Наверху их поджидал Фантом, который, выполнив задачу проводника, получил от настоятеля новое поручение в том же роде — доставить Алису на место новой дислокации Храма. Он уже был в курсе деталей боя в коридоре, о котором рассказали товарищи, и даже гибели Багира, которую помимо Таиры наблюдала еще и Твики. В связи с этим период двоевластия в бригаде закончился, и обращение «бригадир», прозвучавшее из уст бойца, было безусловным признанием ветеранами заслуг наставницы Роджера.
Всю дорогу они беседовали о смелости и трусости, дружбе и предательстве.
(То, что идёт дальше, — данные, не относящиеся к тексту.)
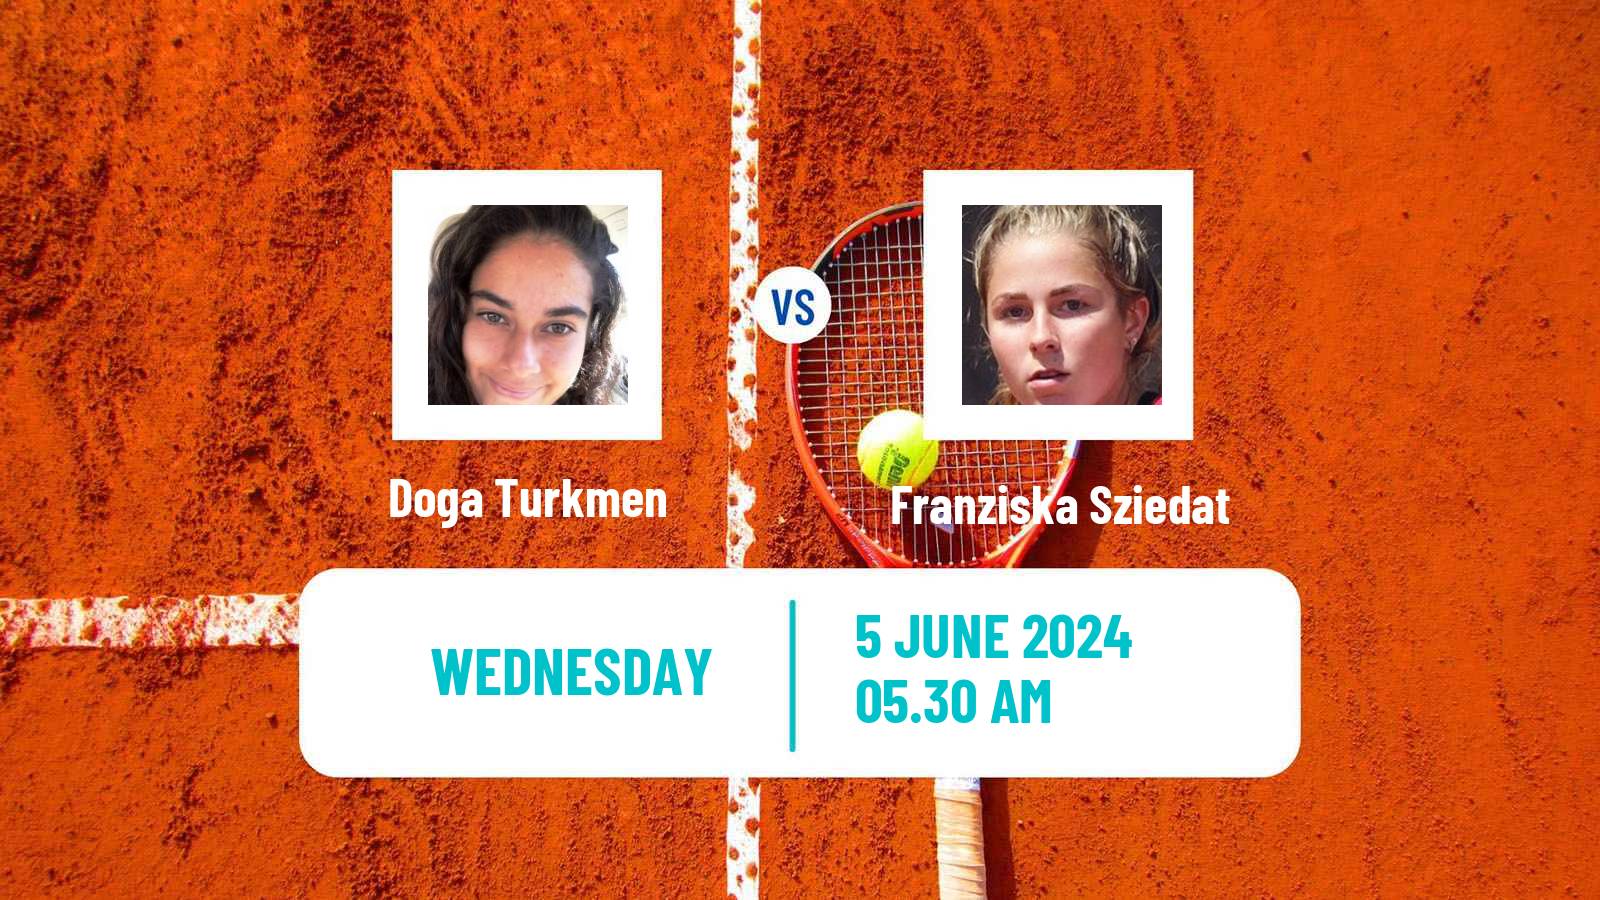 Tennis ITF W15 Banja Luka Women Doga Turkmen - Franziska Sziedat

Этика леомуров обладает большой гибкостью в этих вопросах, она не осуждает рационально объяснимые поступки, даже если они не блещут красотой замыслов. Безрассудная смелость считается синонимом глупости, но умение преодолевать собственные страхи всегда заслуживало самых высоких нравственных оценок. Алиса не осуждала торопливости суждений Роджера, так же, как и не осуждала действия бывшего бригадира.
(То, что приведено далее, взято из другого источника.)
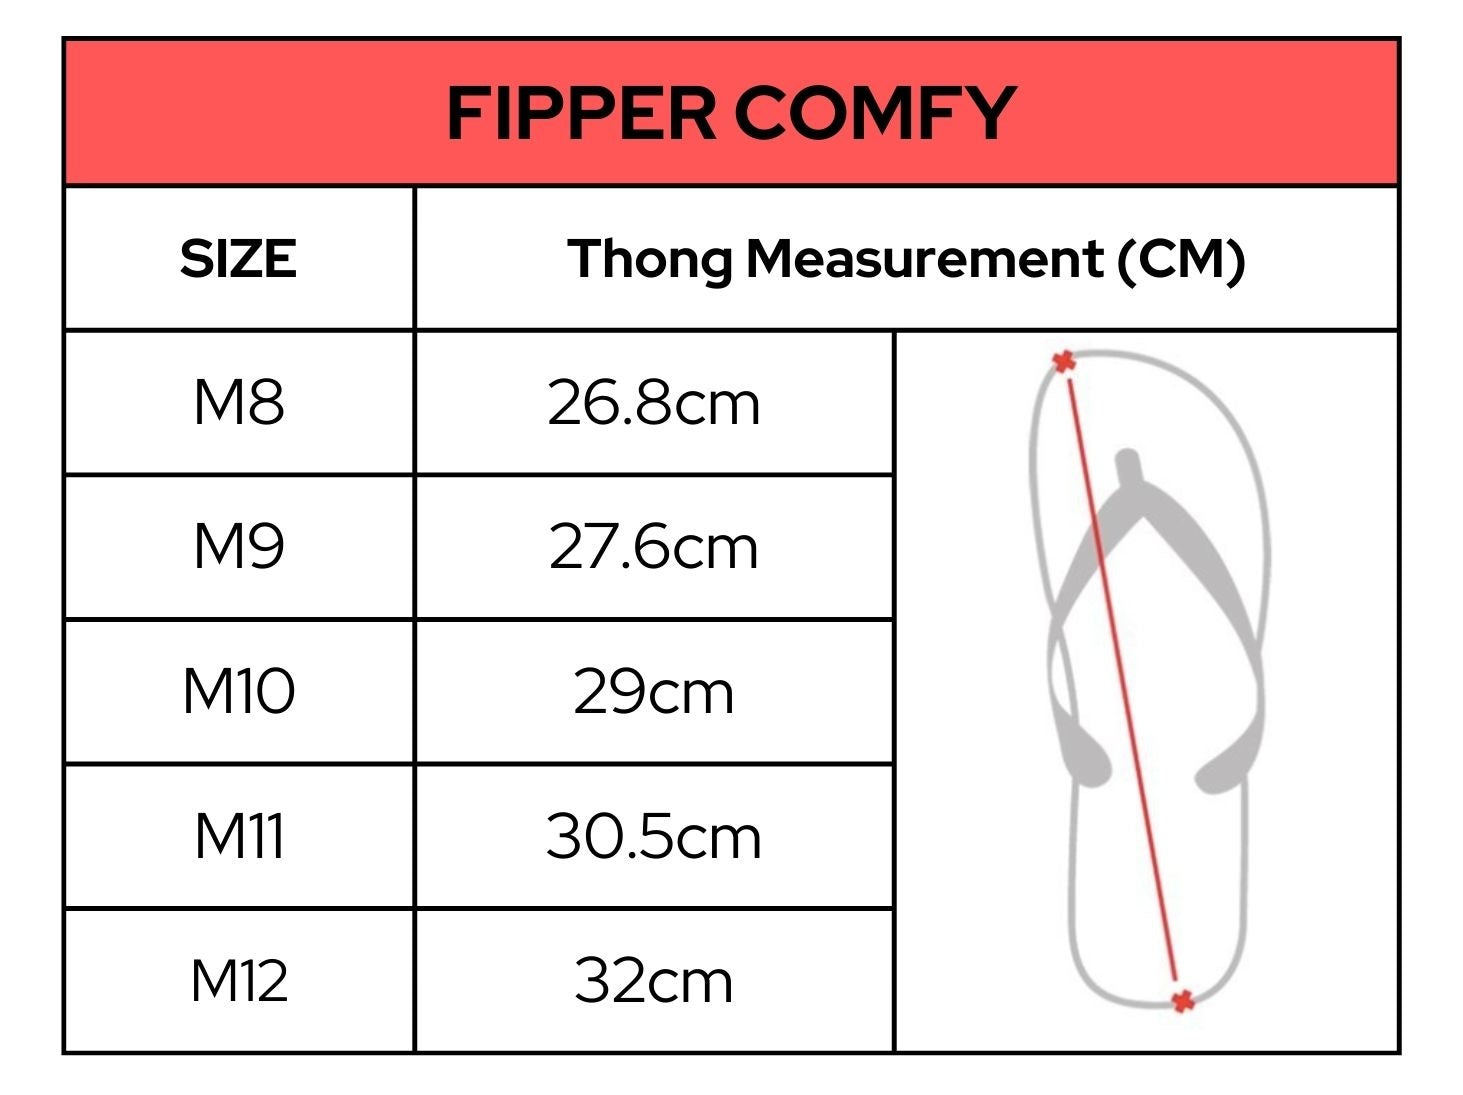 Fipper Comfy Natural Rubber Thongs - Mens

— Пойми, то, что в молодости кажется единственно верным, с возрастом обретает совсем другой смысл, а в старости кажется глупостью.
— Но откуда ты это знаешь? Тебе далеко до старости, самой еще учиться и учиться.
— Я уже выучилась. У меня были очень хорошие учителя. От них и знаю. Ты был по-своему прав, Багир тоже, но по-своему. Он сумел доказать свою правоту делом. Но это вовсе не означает твою неправоту.
— Как это?
— Ваши позиции кажутся противоположными только на первый взгляд. Страхи нужно преодолевать. Только в этом случае леомур становится истинным хозяином своей судьбы, но иногда он отвечает не только за себя, но и за других. И если ты испытываешь страх за близких и друзей, не дай тебе бог преодолеть этот страх и спокойно смотреть, как они гибнут. Такая смелость хуже любой трусости.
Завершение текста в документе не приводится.